● Problem details: Could you write out the listing below exactly as it stands, leaving out the pictures?

● Dataset section:
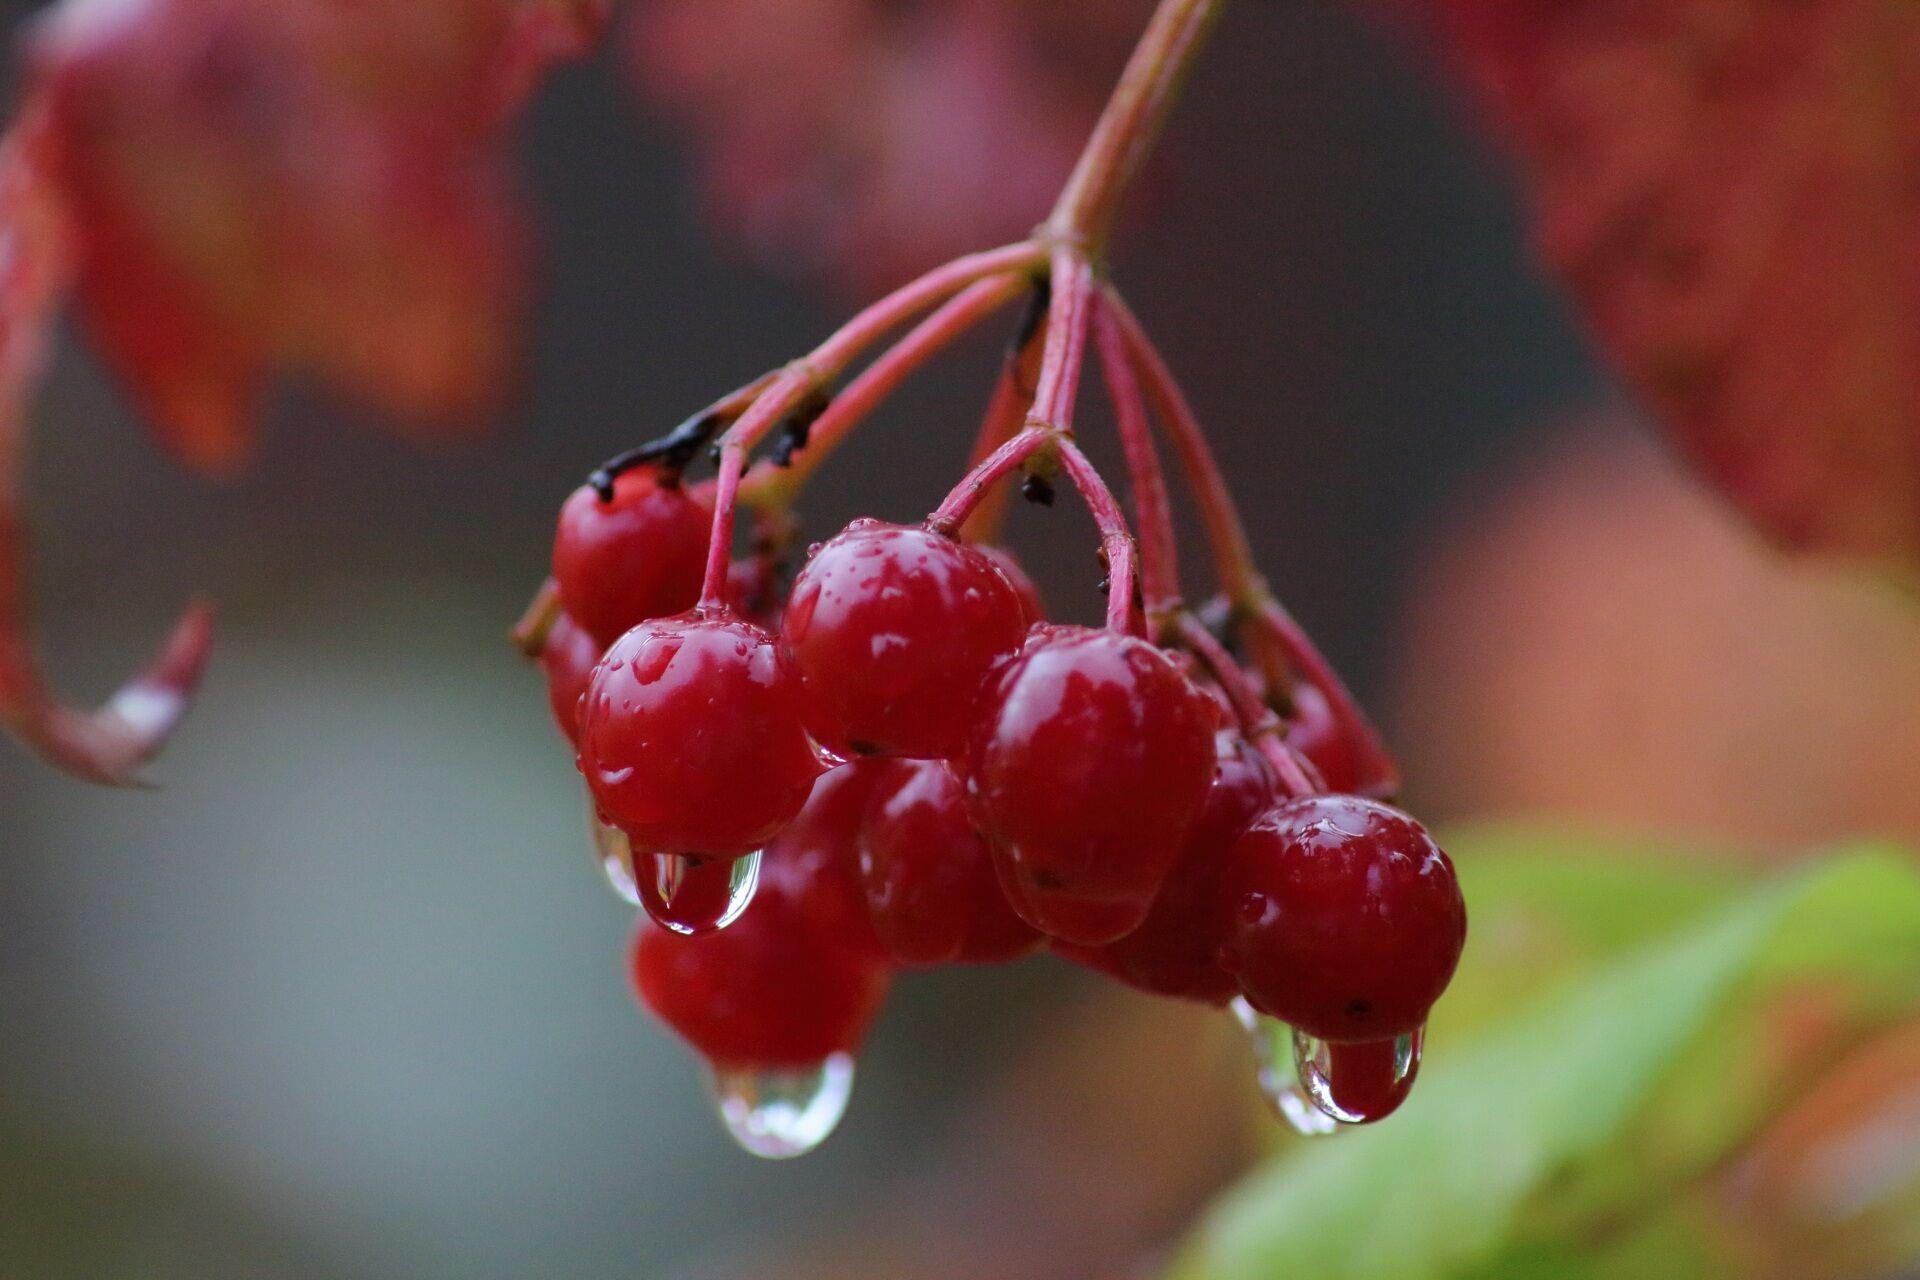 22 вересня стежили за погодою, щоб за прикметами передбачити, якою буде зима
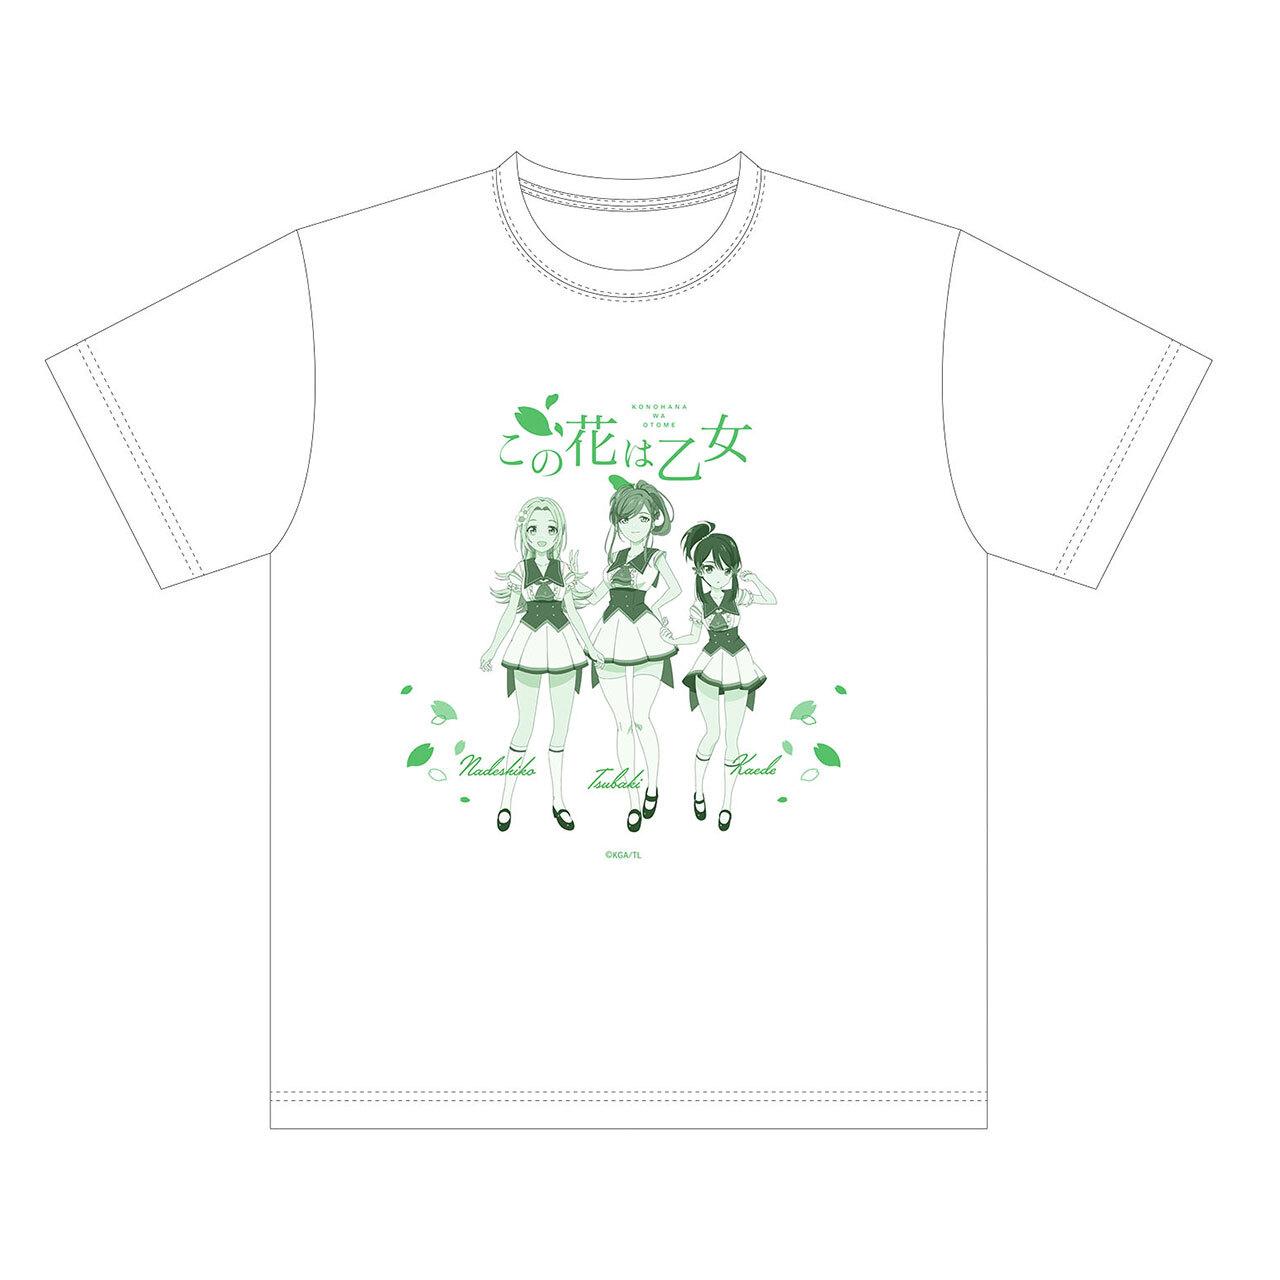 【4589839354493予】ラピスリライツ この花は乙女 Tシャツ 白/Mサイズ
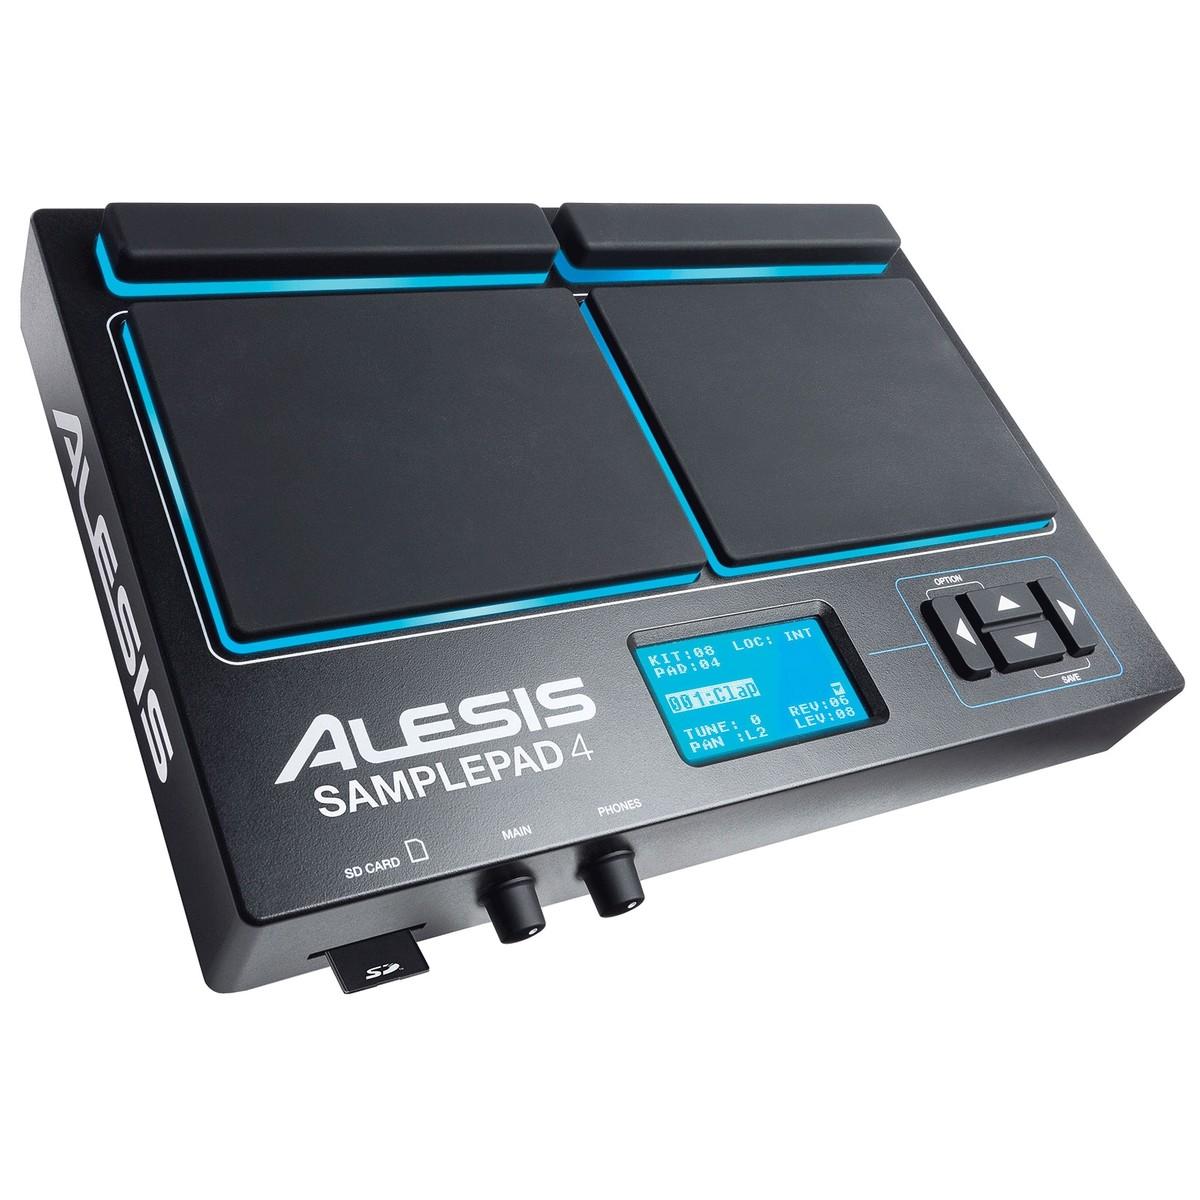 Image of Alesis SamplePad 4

● Worked solution:
 22 вересня стежили за погодою, щоб за прикметами передбачити, якою буде зима
 【4589839354493予】ラピスリライツ この花は乙女 Tシャツ 白/Mサイズ
 Image of Alesis SamplePad 4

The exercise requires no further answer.